New-look Academic Year Gets Underway
By Eric Breier
Cal State San Marcos expects to welcome more than 16,000 students Monday as it kicks off a fall semester unlike any in its history.
In response to the ongoing COVID-19 pandemic, and in alignment with the California State University’s decision for all 23 campuses to have a unified approach, more than 90% of courses are occurring virtually this fall. Select labs and courses that use specialized equipment or have certain accreditation/licensure requirements will have in-person instruction.
Earlier this month, the university launched its “CSUSM as One” website, which provides information and resources for students, faculty and staff to navigate the fall semester.
While the semester may look different, President Ellen Neufeldt expressed excitement and optimism during her annual Convocation address on Thursday morning.
“Even though this will be unlike any other fall semester in history, I can’t but help feeling excitement for what’s before us,” she said in an address streamed virtually. “So much is in flux, but the fundamental parts of our university are unchanged. Our dedication to our students, our region and each other will move us through and past this moment and on to the next 30 years.”
Computer lab available for students
The University Student Union and IITS have partnered to establish a computer lab in the USU Ballroom and Meeting Rooms for students who need access to computers, printing services, power and/or Wi-Fi.
Beginning Aug. 31, the USU computer lab will be open from 10 a.m.-4 p.m. Monday-Friday on a first-come, first-served basis.
Students will use the campus app to check into the lab and receive an assigned station. The process is as easy as opening up the app and scanning their digital ID when they arrive. The app also has an “On Campus” button that will show available on-campus services, including the number of computers available in the USU so that students will know if there are open stations before arriving.
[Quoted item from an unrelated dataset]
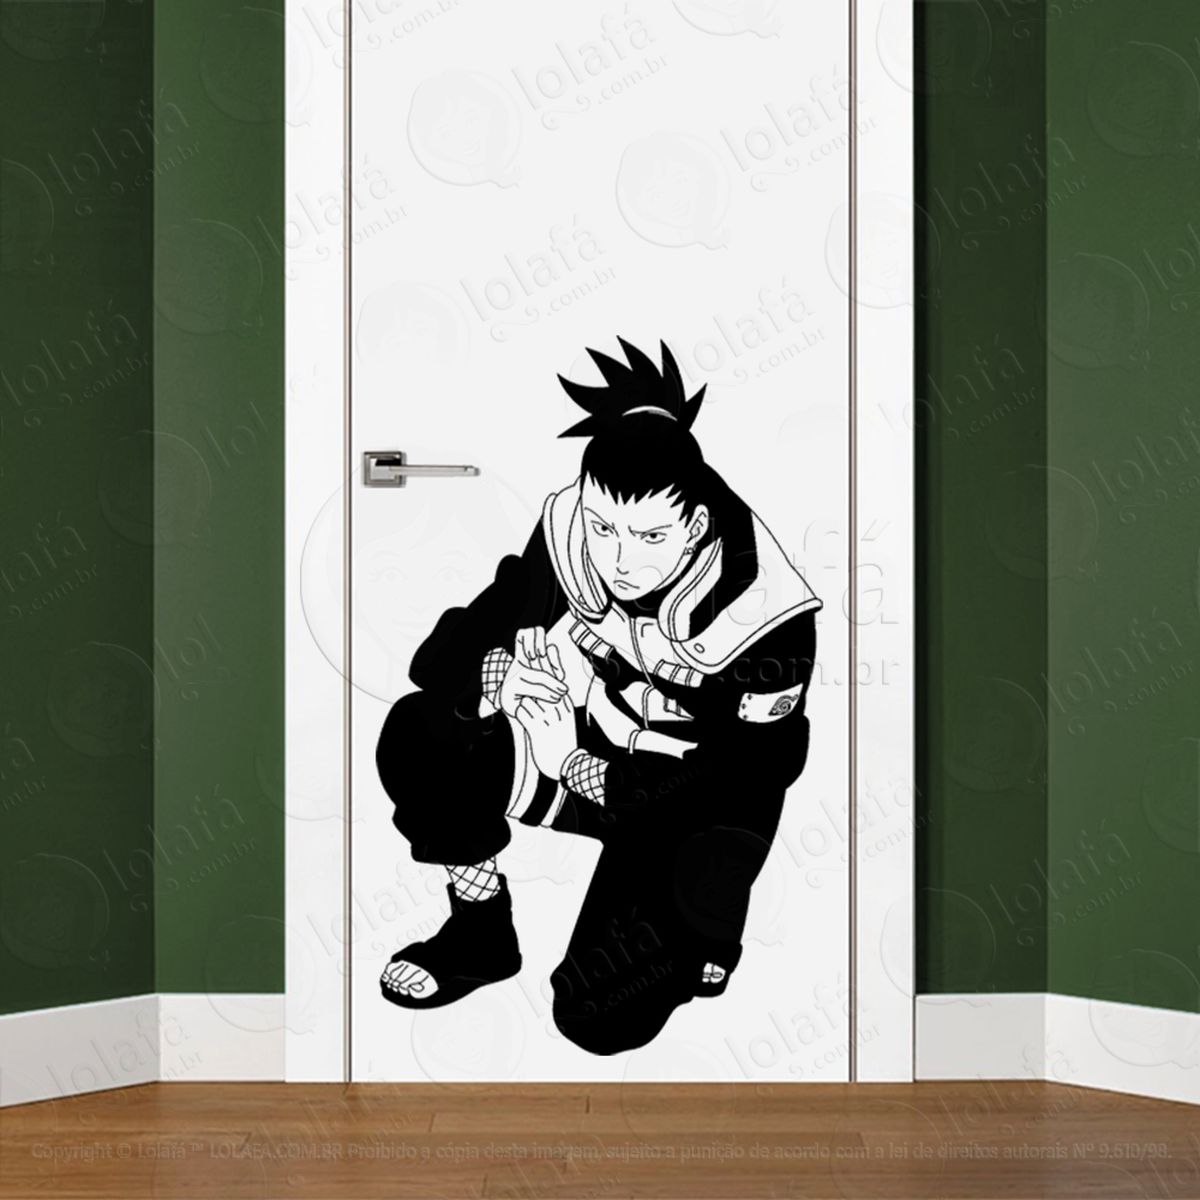 shikamaru adesivo de parede para quarto, porta e vidro - mod:205

Visit this link for more information.
- Carl Kemnitz began his tenure as the university’s new provost and vice president of Academic Affairs on July 1.
- Professor of chemistry and biochemistry Jackie Trischman began a one-year appointment as CSTEM’s interim dean on July 1, succeeding the college’s founding dean, Katherine Kantardjieff, who left for a position as provost at Cal State Monterey Bay.
- Biology professor Deborah Kristan began a one-year appointment as interim dean of the College of Education, Health and Human Services on July 1, succeeding Emiliano Ayala, who decided to take on a faculty position in the college as a special education professor.
- The California Indian Culture and Sovereignty Center named Eric S. Trevan as a visiting scholar of innovation, business and economic policy for tribal nations.
COVID-19 testing site
CSUSM is hosting a San Diego County-operated, walk-up coronavirus testing site, expanding critical testing services to North County residents.
The testing center, which is free and open to the public seven days a week, operates independently of the university within the Viasat Engineering Pavilion on campus.
Weeks of Welcome
The annual Weeks of Welcome started Aug. 29 and runs through Oct. 10. It includes dozens of virtual events to meet new people and kick off the new academic year.
Visit the Weeks of Welcome calendar for a complete schedule.
Arts & Lectures for fall
The university’s longstanding Arts & Lectures series is presenting a virtual fall lineup, with all of the events taking place via Zoom. This season boasts a diverse selection of six events.
Attendees can reserve tickets online via the Arts & Lectures website.
- Psychology professor Sharon Hamill was among 25 faculty and staff members recognized by the California State University system with Faculty Innovation and Leadership Awards for their commitment to student success, particularly in courses or areas with traditionally low success rates or persistent equity gaps.
- Robert Iafe, an associate professor of chemistry, and Paul Jasien, a professor of chemistry and biochemistry, received a grant of almost $1 million from the National Science Foundation that will support the retention and graduation of high-achieving, low-income students in chemistry and biochemistry.
- CSUSM received a best practice award for social equity and justice at the California Higher Education Sustainability Conference for the second straight year.
- TRIO Student Support Services will receive a federal grant of more than $1.7 million over five years, the U.S. Department of Education announced this month.